Article 3 : Il est enjoint au préfet de la Gironde de procéder au réexamen de la demande de M. B... dans les conditions énoncées au point 10 du présent arrêt et dans le délai de trois mois suivant sa notification et, dans l'attente, de munir l'intéressé d'une autorisation provisoire de séjour.
Article 4 : L'État versera à Me Cesso la somme de 1 200 euros au titre des dispositions des articles L. 761-1 du code de justice administrative et 37 alinéa 2 de la loi du 10 juillet 1991 relative à l'aide juridique sous réserve que ce dernier renonce à percevoir la part contributive de l'État à l'aide juridictionnelle.
Article 5 : Le surplus des conclusions de la requête de M. B... est rejeté.
Article 6 : Le présent arrêt sera notifié à M. A... B..., au ministre de l'intérieur et au préfet de la Gironde.
Une copie sera adressée à l'Office français de l'immigration et de l'intégration.

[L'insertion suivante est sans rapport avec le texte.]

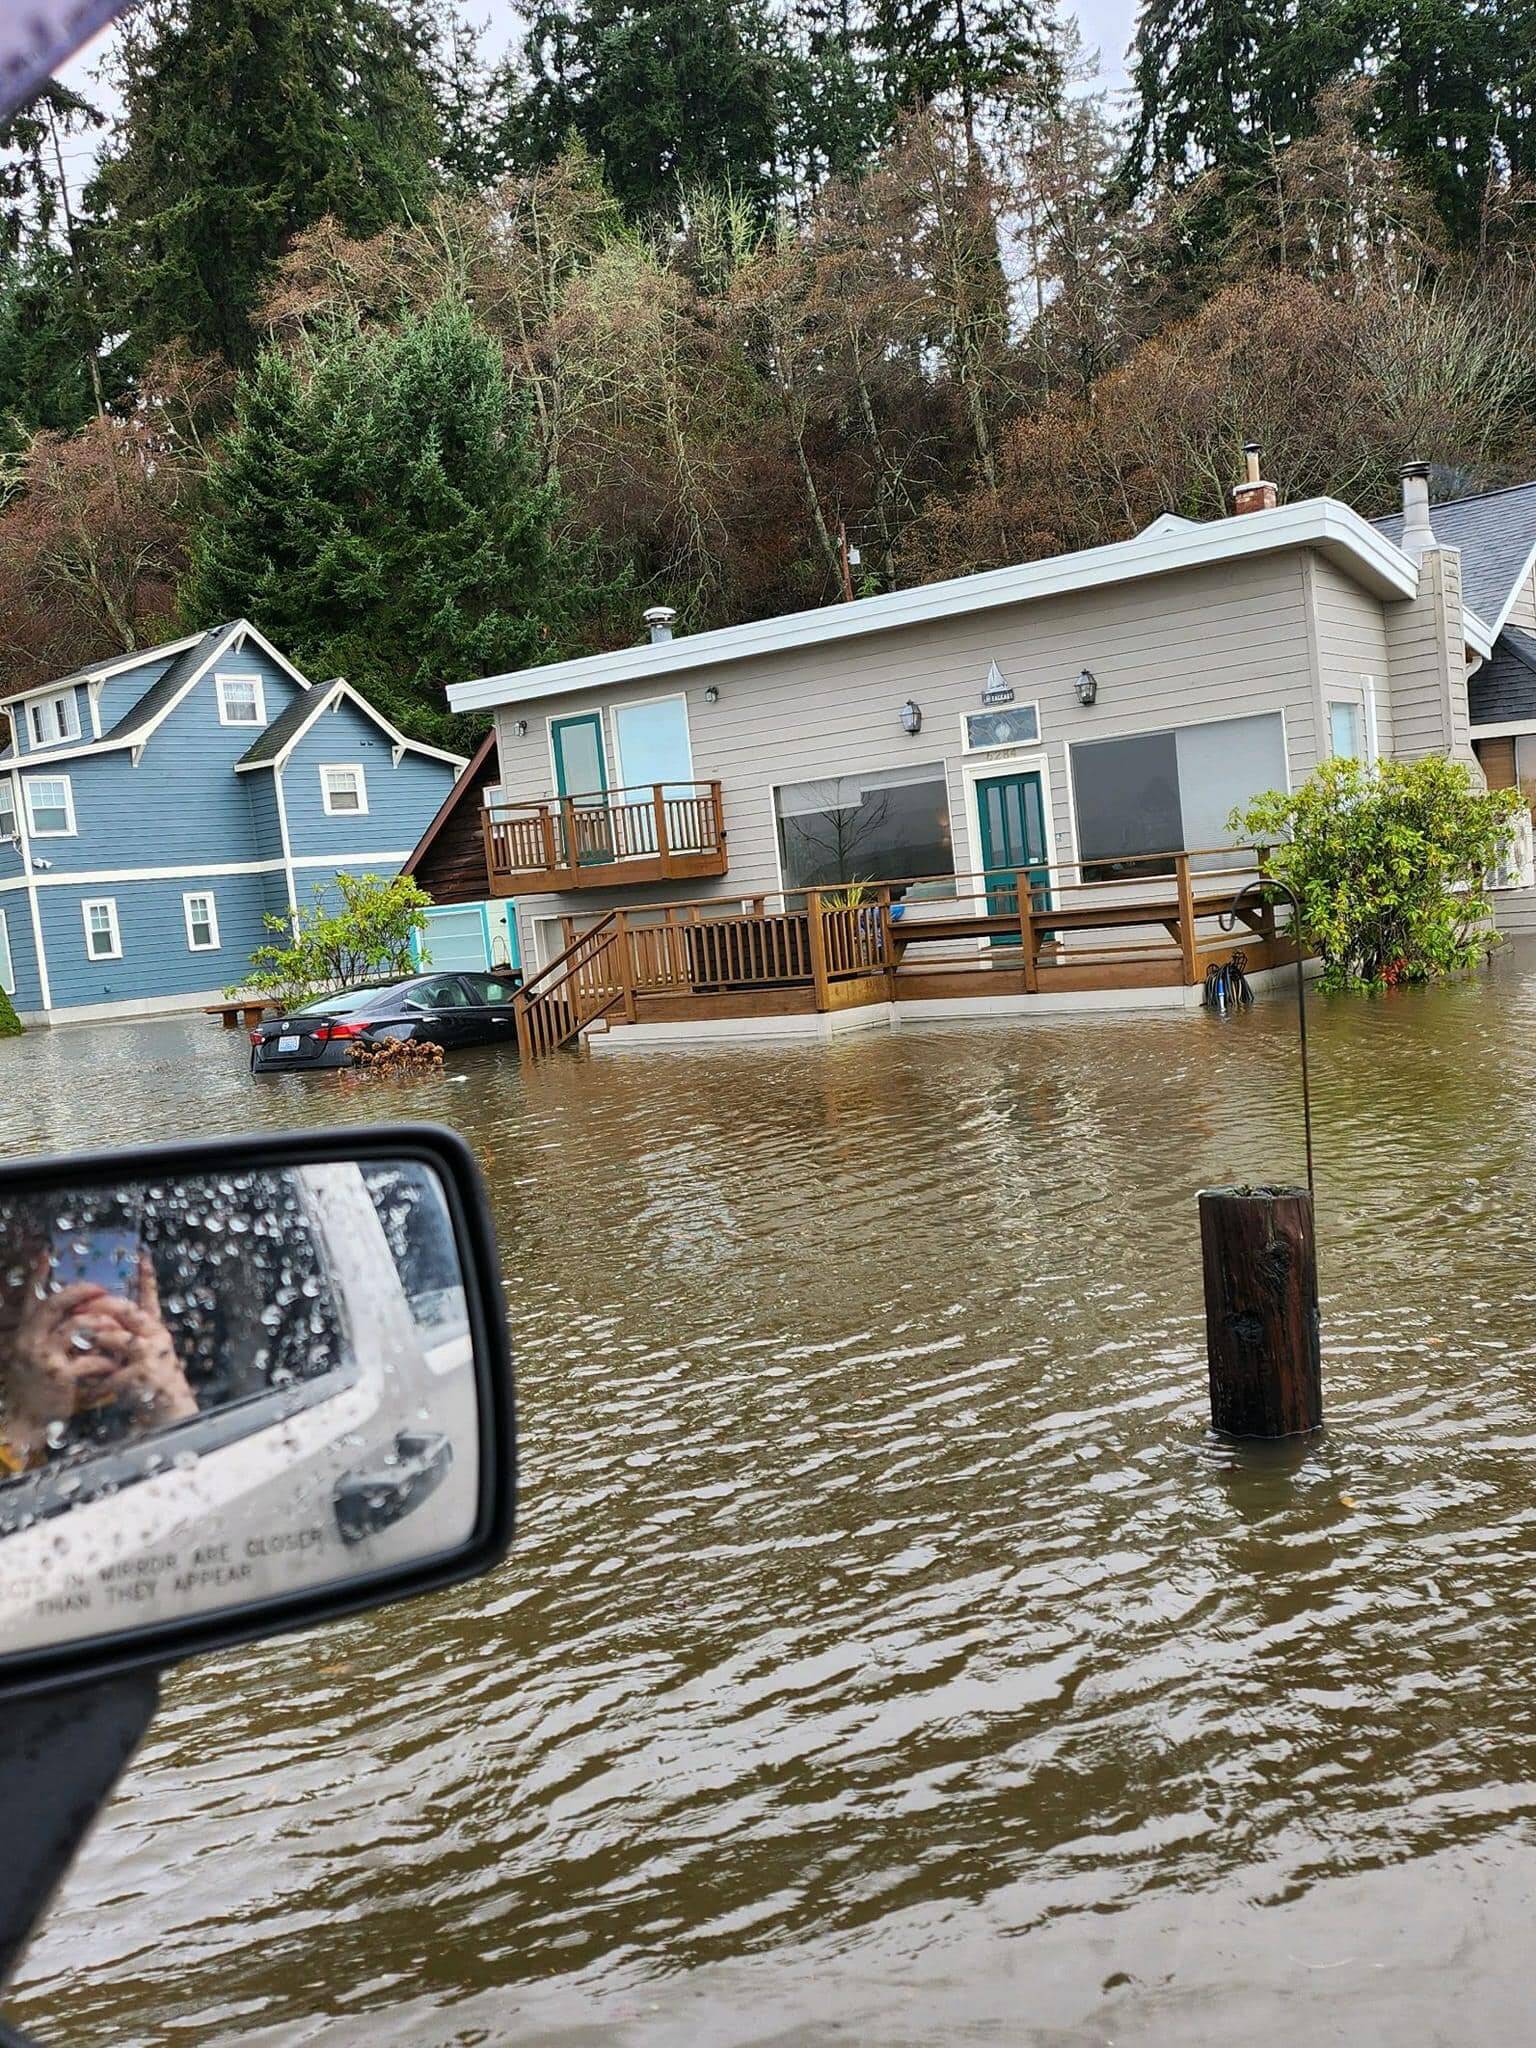 Flooding in Clinton reached high levels on Tuesday. (Photo provided)

Délibéré après l'audience du 17 décembre 2024 à laquelle siégeaient :
Mme Marie-Pierre Beuve Dupuy, présidente,
Mme Valérie Réaut, première conseillère.
M. Vincent Bureau, premier conseiller.
Rendu public par mise à disposition au greffe, le 14 janvier 2025.
La rapporteure,
Valérie Réaut
La présidente,
Marie-Pierre Beuve DupuyLe greffier,
Christophe Pelletier
La République mande et ordonne au ministre de l'intérieur en ce qui le concerne et à tous commissaires de justice à ce requis en ce qui concerne les voies de droit commun, contre les parties privées, de pourvoir à l'exécution du présent arrêt.